In the Free State, under the premiership of Ace Magashule, and the City of Johannesburg, under Geoff Mokhubo, the ruling party pocketed money from companies awarded tenders.
“It is a matter of extreme concern that the evidence given at the commission establishes a link between the corrupt grant of tenders and political party financing. Such a link can represent an existential threat to our democracy,” the report notes.
In the case of Sars, SAA and state support for the Gupta brothers’ The New Age media, Zondo found that each time the evidence pointed to Zuma’s involvement.
What happened under Zuma ally Dudu Myeni’s tenure as SAA board chairperson contributed significantly to the national carrier being placed under business rescue in 2020, according to the report.

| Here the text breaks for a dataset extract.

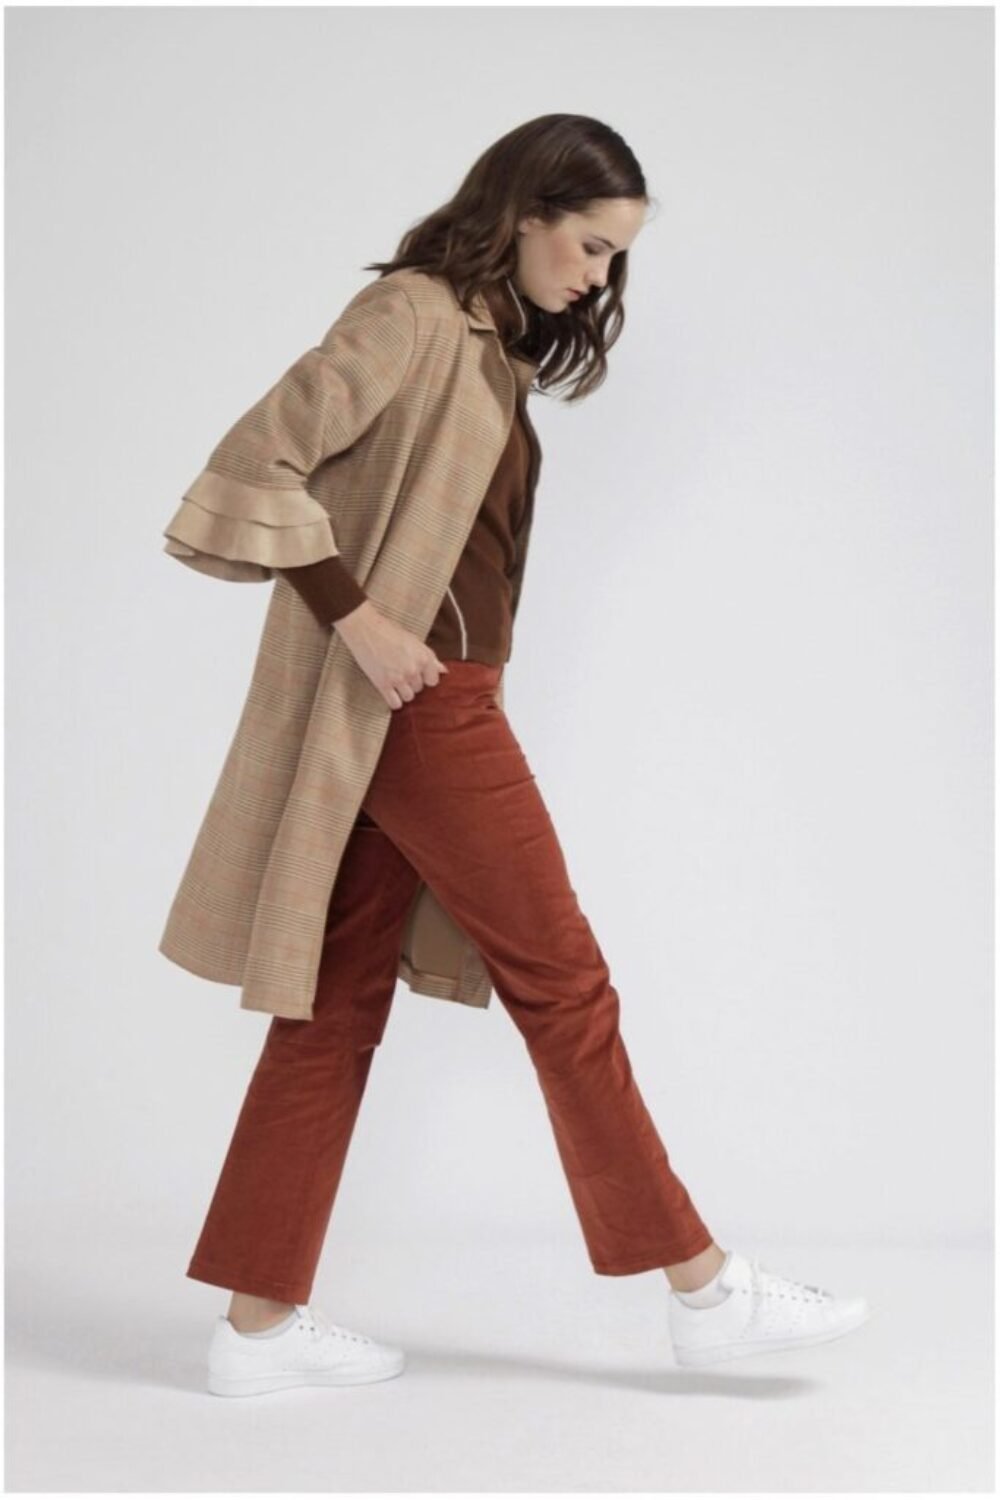 Shop Lux Mocha Check Faux Suede Long Jacket and women's luxury and designer clothes at www.lux-apparel.co.uk
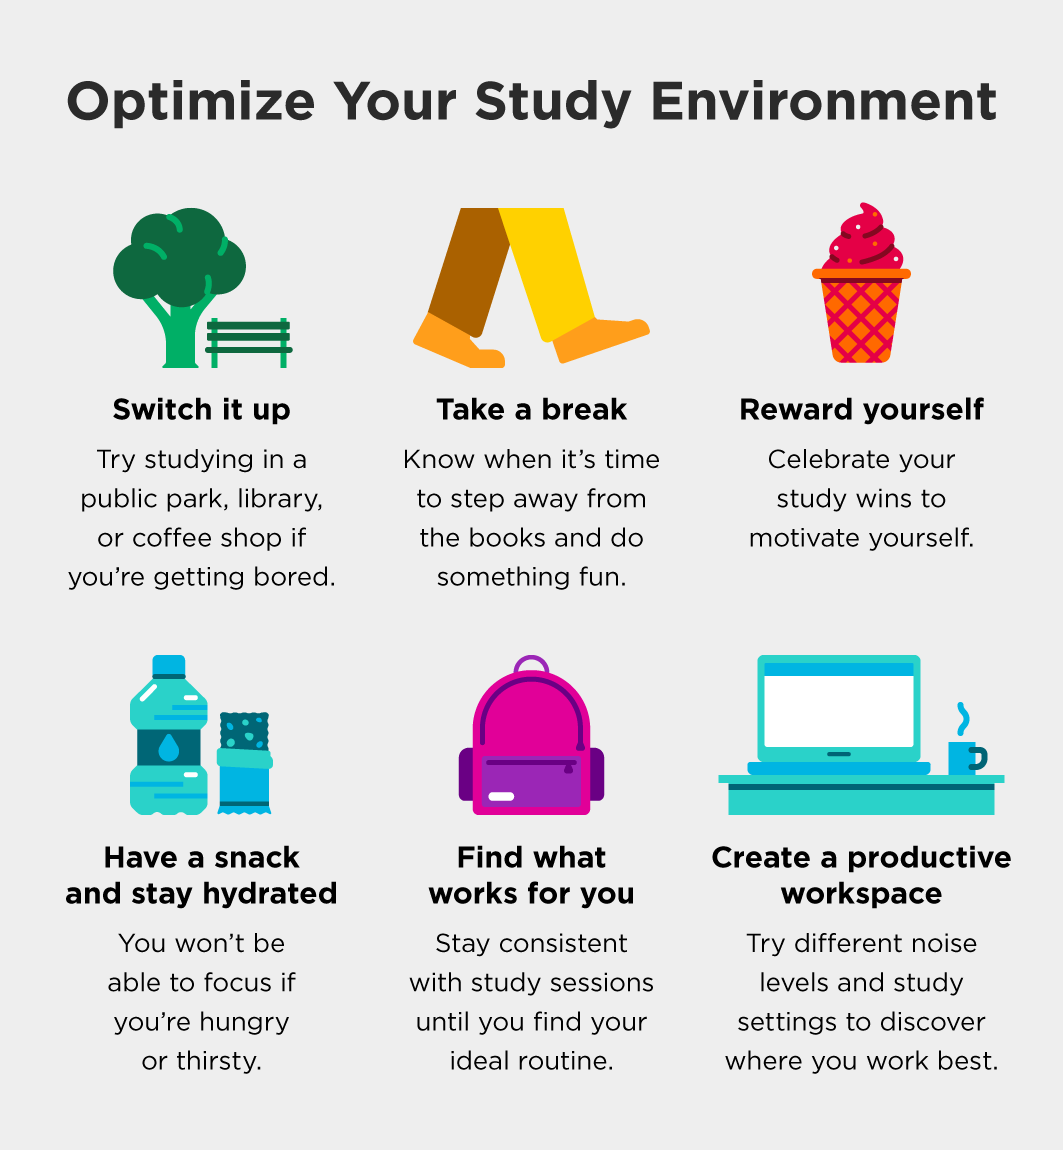 Image recaps tips to make an effective study environment.

Myeni rose from an underperforming SAA board member to rule the airline with her allies on the board, including Yakhe Kwinana, and presided over some of the airline’s most disastrous years. “She proceeded, through a mixture of negligence, incompetence and deliberate corrupt intent, to dismantle governance procedures at SAA, create a climate of fear and intimidation and make a series of operational choices at SAA that saw it decline into a shambolic state,” Zondo said.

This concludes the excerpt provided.